Oversight Board/2017-2019-candidates

< Oversight Board
Revision as of 00:13, 16 September 2017 by Laura Vargas (talk | contribs) (Edited Candidate 7 entry to reduce to less than 1,500 characters)

Election

There are to be four (4) Oversight Board slots to be elected for the 2017-2019 period, currently held by Walter, Adam, Lionel and Sameer.

Calendar

Stage I August 15 Announcement of election date and first call for candidates.
Stage II August 30 Reminder of election date and second call for candidates.
Stage III September 15 Candidates' Wiki submissions deadline.
Stage IV October 1-15 Election.

Candidates

Candidates should create a Wiki entry at Candidates' Wiki submissions, one entry per candidate, 1500 characters maximum length, sharing their vision and motivation.

Candidates should read and understand the terms of the Software Freedom Conservancy Fiscal Agreement, because such terms bind our behavior as Sugar Labs Oversight Board and all our internal policies and procedures as a Project and as an organization.

Among other terms, please note the Project Management, Communications and Activities terms in the agreement provide that:

2.1. The Oversight Board Will Manage the Project.

2.2. The Project Will Be Free Software.

6. Representation of the Project in Conservancy: The Representative will have the authority to instruct Conservancy on the Project’s behalf on all matters.

The terms contemplate that the Oversight Board elects a single individual to communicate with Conservancy (the “Representative”) and shall notify Conservancy promptly following the election of a new Representative.

By publishing your candidacy below, you imply that in case you are elected a Sugar Labs Oversight board member you will honor the agreement terms.


Devin Ulibarri

Devin Ulibarri is a musician and an educator who became interested in free/libre software in 2014 during research for the Center for Music-in-Education (Boston). Devin pursued research into the implications for "software libre in education" which led him to believe that free/libre software is best for teaching and learning. He was soon introduced to SugarLabs, which both empowers teachers/learners with software freedom as well as offers tools to exercise those freedoms in a community setting.

Since his introduction to the SugarLabs community, Devin has participated heavily in the development of Music Blocks, a programming language for music. Within the SugarLabs community, Devin offers conceptual recommendations, design ideas, mockups, testing, minor patches, and community involvement on GitHub and Sugar's IRC. In his local community, Devin has represented Music Blocks software as a workshop lecturer (Constructionism Conference in Thailand, Canopy of Somerville) as well as a class instructor (YMCA Malden).
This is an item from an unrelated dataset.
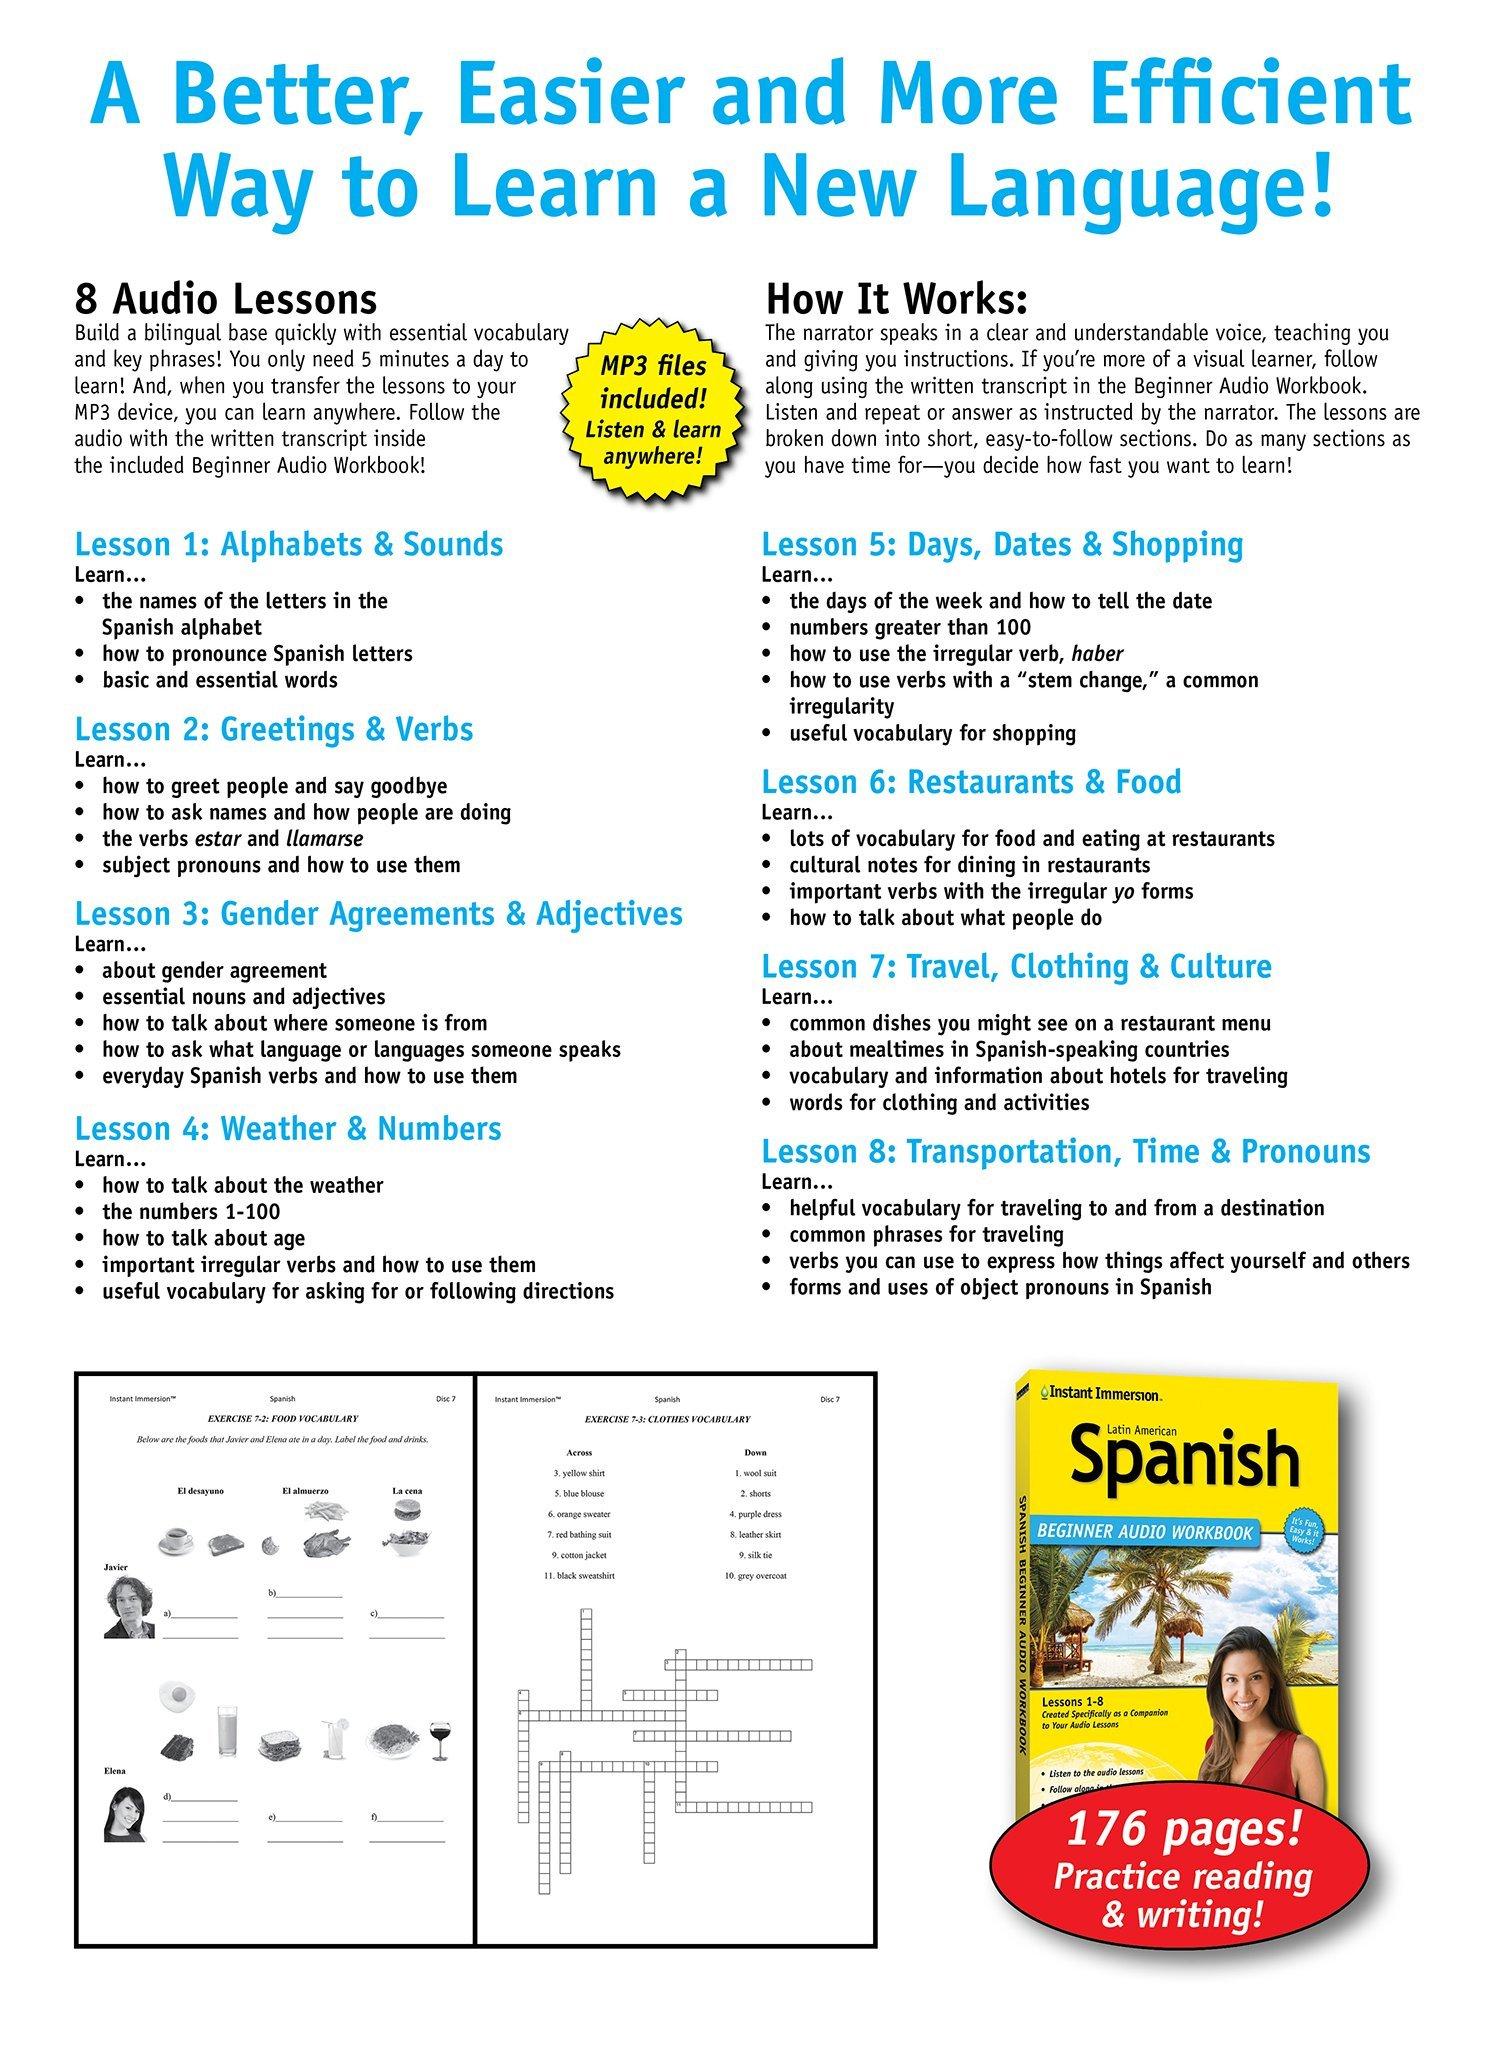 Learn latin american spanish beginner audio language course by learn latin american spanish beginner audio language course by instant immersion 2016 version spanish edition instant immersion 9781618945426 kristyandbryce Choice Image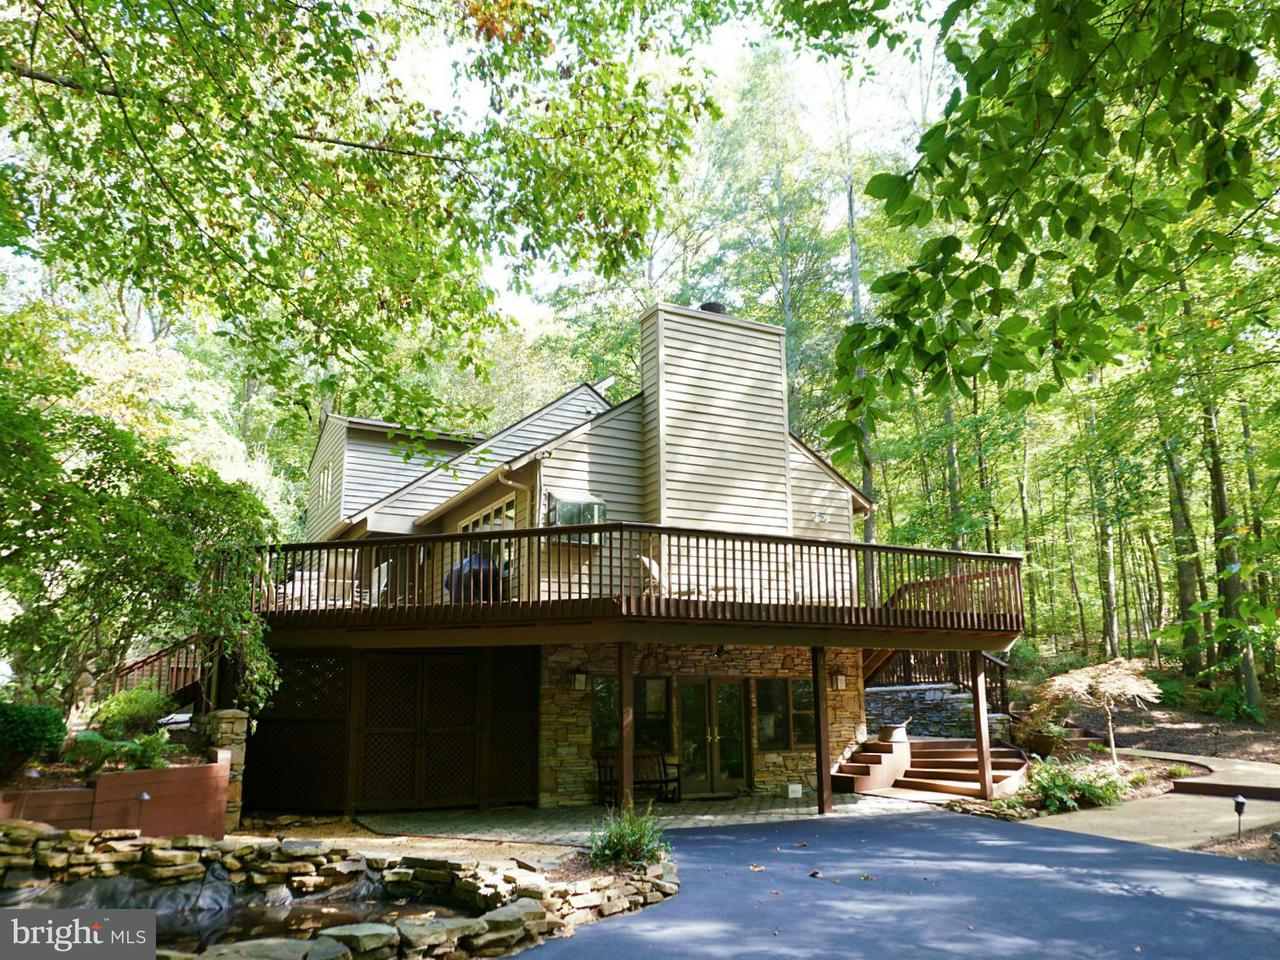 Single Family Home for Sale at 10009 WISAKON Trail 10009 WISAKON Trail Manassas, Virginia 20111 United States

As an oversight board member, Devin would bring his insight as an experienced classroom teacher, an artist, and a free/libre software advocate. Devin has been described as "a very patient person", which he hopes would be a contribution to the oversight board if elected.


Walter Bender

After a decade of working on Sugar, I am reflecting on how we engage learners. We provide programming environments (e.g., Turtle and Music Blocks) and mechanism for debugging, collaboration, expression, and reflection. Our adherence to the principles of Free/Libre Software provides scaffolding for personal expression through programming and for surfacing personal responsibility, a sense of community, and unbounded expectations of Sugar users turned Sugar developers.

Where have we fallen short? Edtech is become big business: selling Apps and content is more lucrative and facile than the hard work of engaging teacher and learners in authentic problem-solving. There is a strong temptation to make things as simple as possible so as to reach the broadest possible audience. But some things are inherently complex. Apps might be fun, but the hard part of “hard fun” is in reaching towards complexity.

We are going where the learners are: Sugar as a Web app, on Android, or on iOS, (Sugarizer) and, tracking the growth of the Maker Movement, we now support Sugar on Raspbian. “It is said that the best way to learn something is to teach it—and perhaps writing a teaching program is better still in its insistence on forcing one to consider all possible misunderstandings and mistakes.” — Seymour Papert

I have made mistakes, but as part of a learning community we will do better.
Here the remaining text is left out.